- **Collected material**

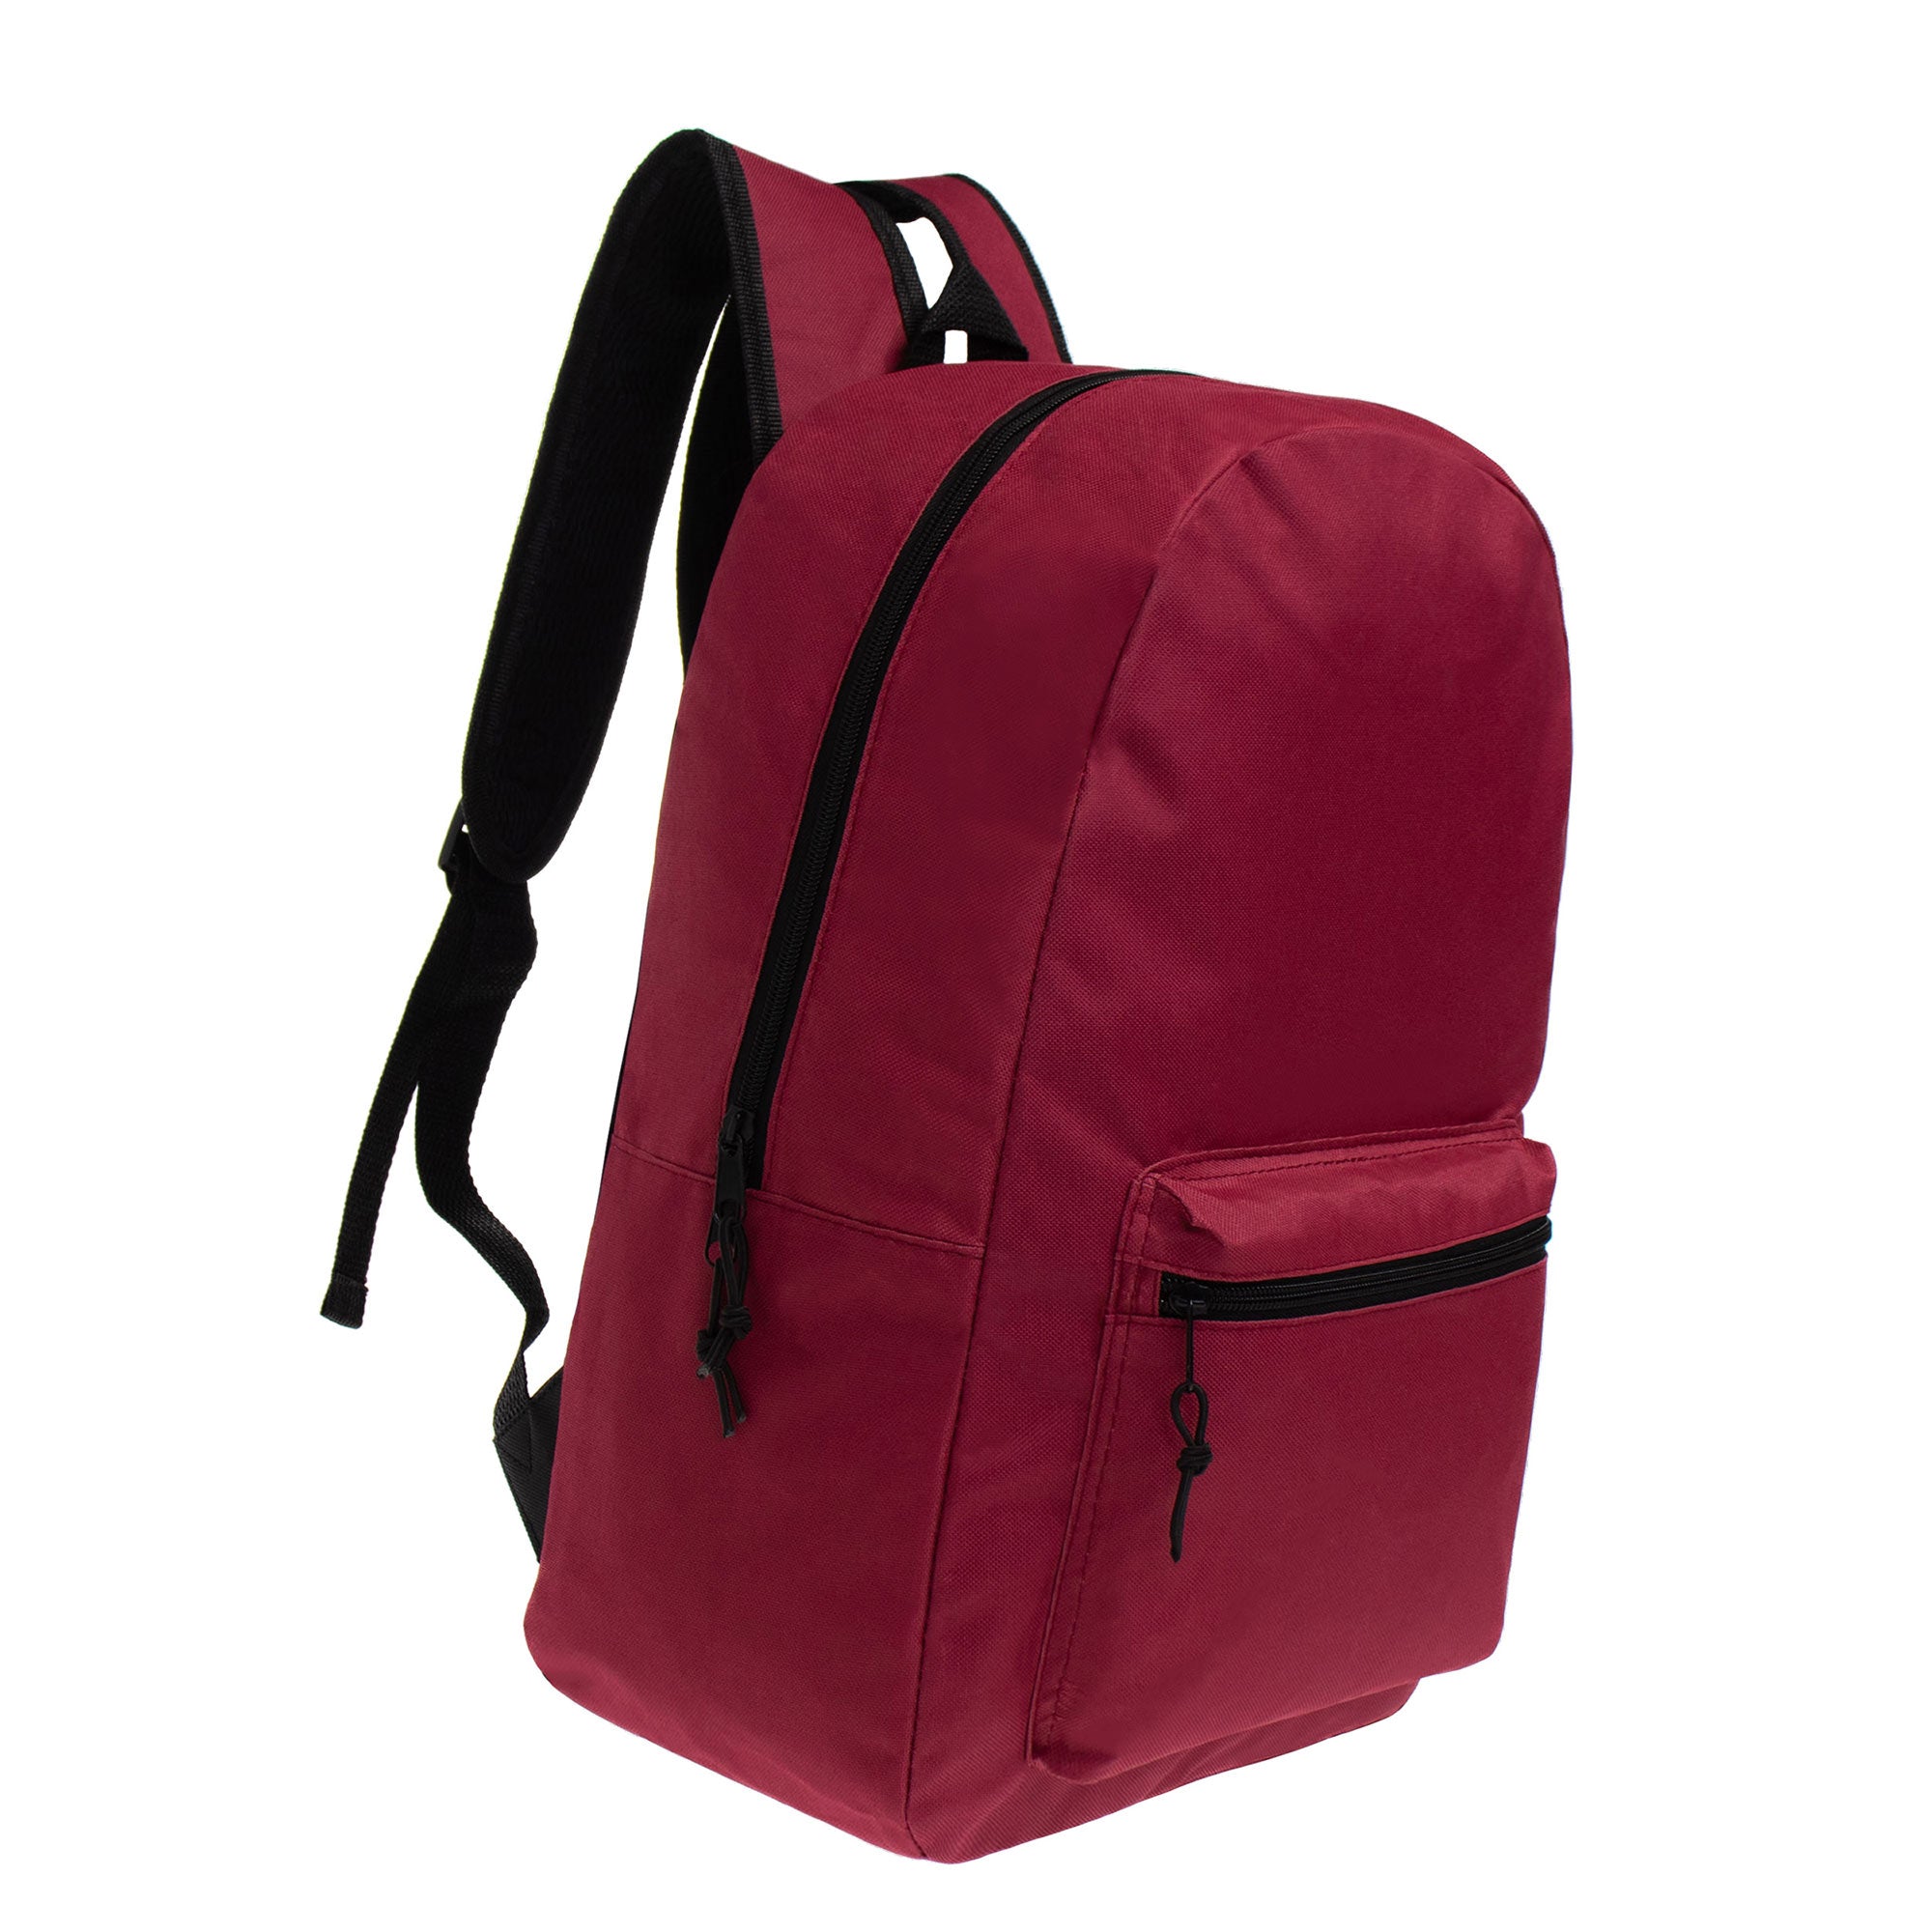 15 inch backpacks for kids or adults
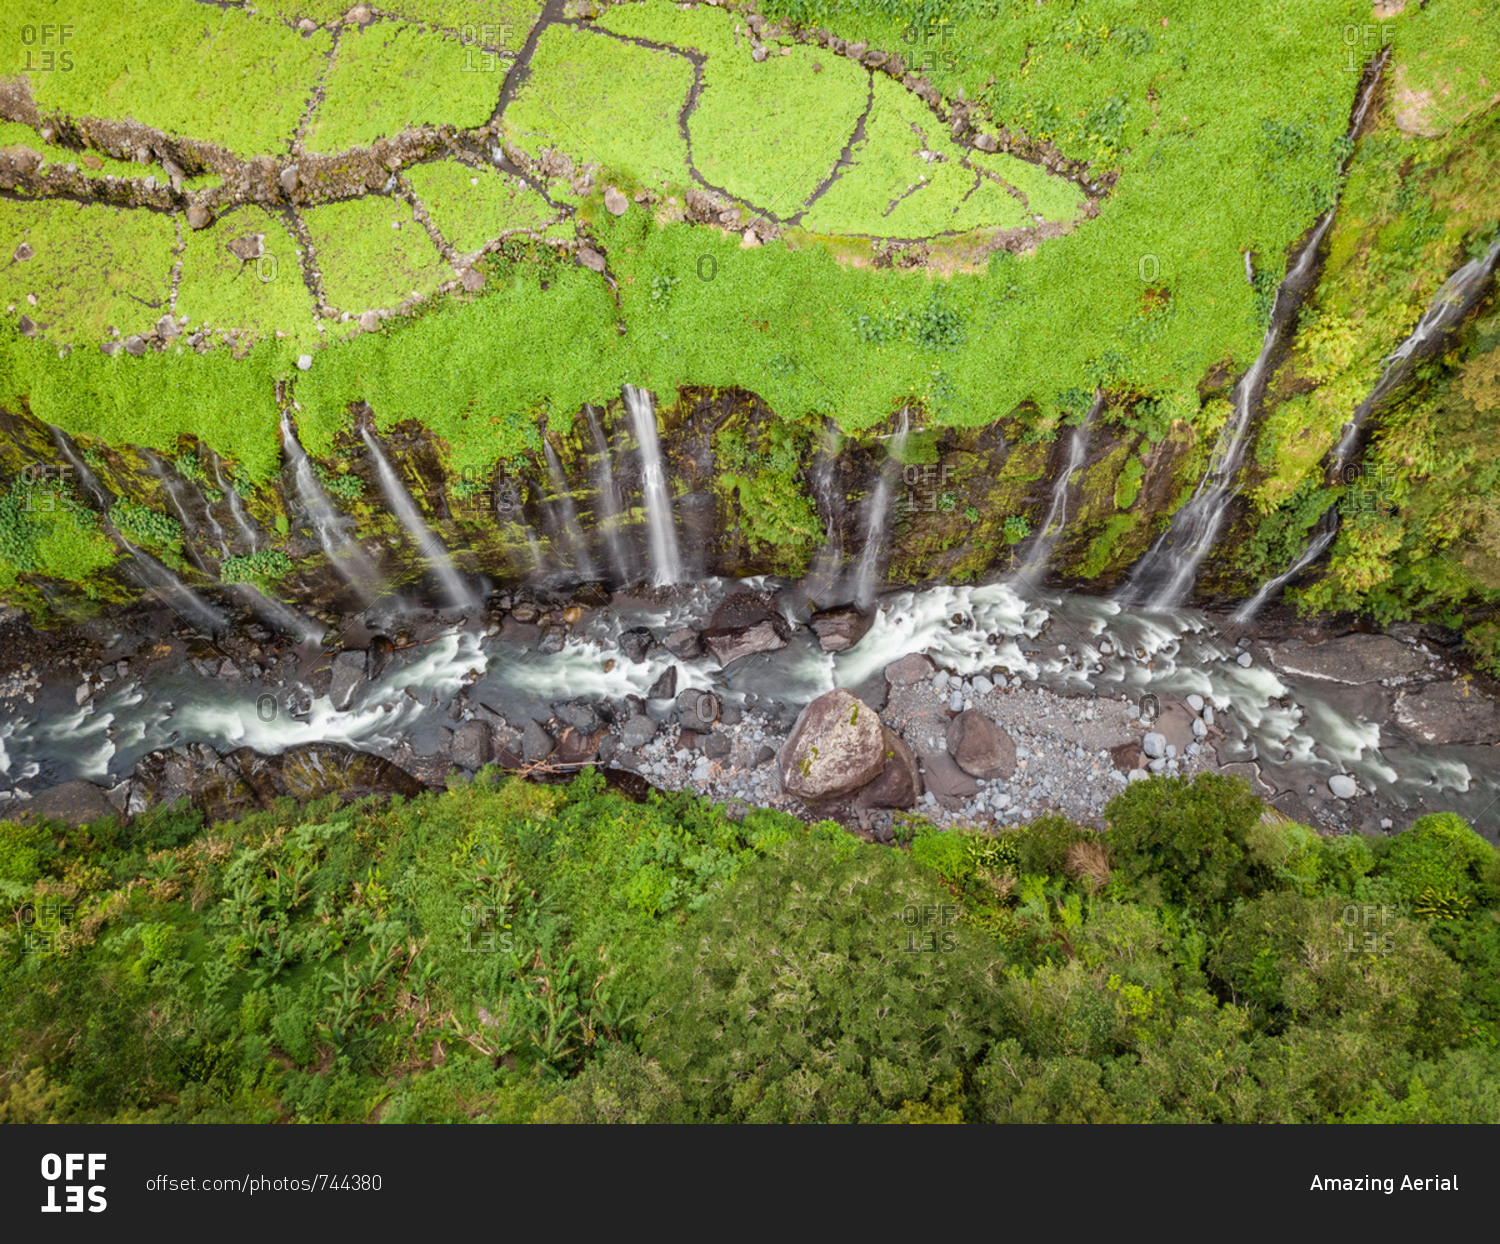 Aerial view of Voile de la Mariee waterfall, Reunion island.
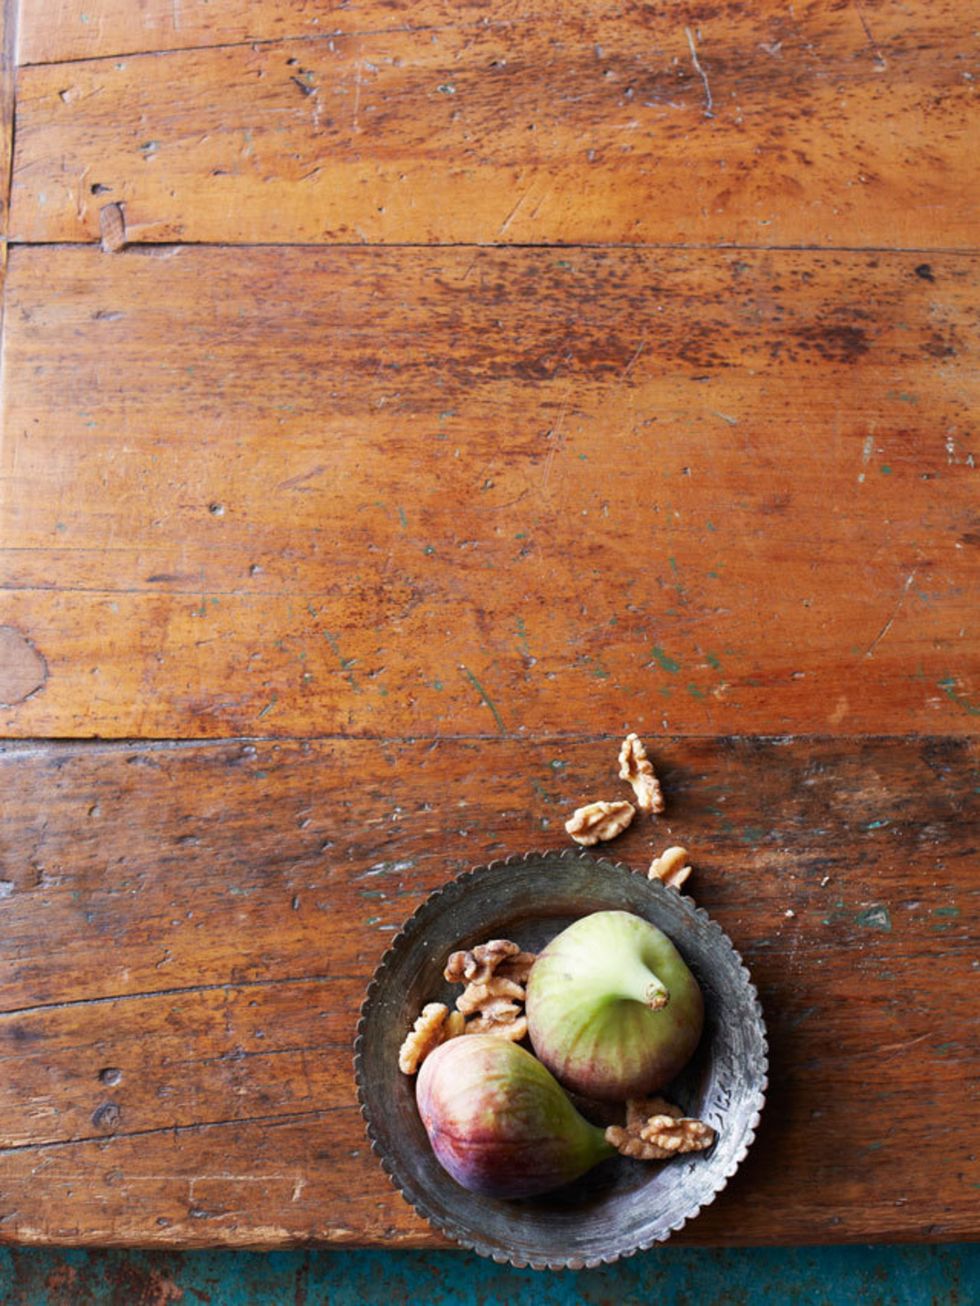 Wood, Produce, Coconut, Ingredient, Fruit, Whole food, Natural foods, Vegan nutrition, Wood stain, Still life photography,

- **Exercise objective**
Could you return the listing above exactly, minus its pictures?

- **Solution for this exercise**
 15 inch backpacks for kids or adults
 Aerial view of Voile de la Mariee waterfall, Reunion island.
 Wood, Produce, Coconut, Ingredient, Fruit, Whole food, Natural foods, Vegan nutrition, Wood stain, Still life photography,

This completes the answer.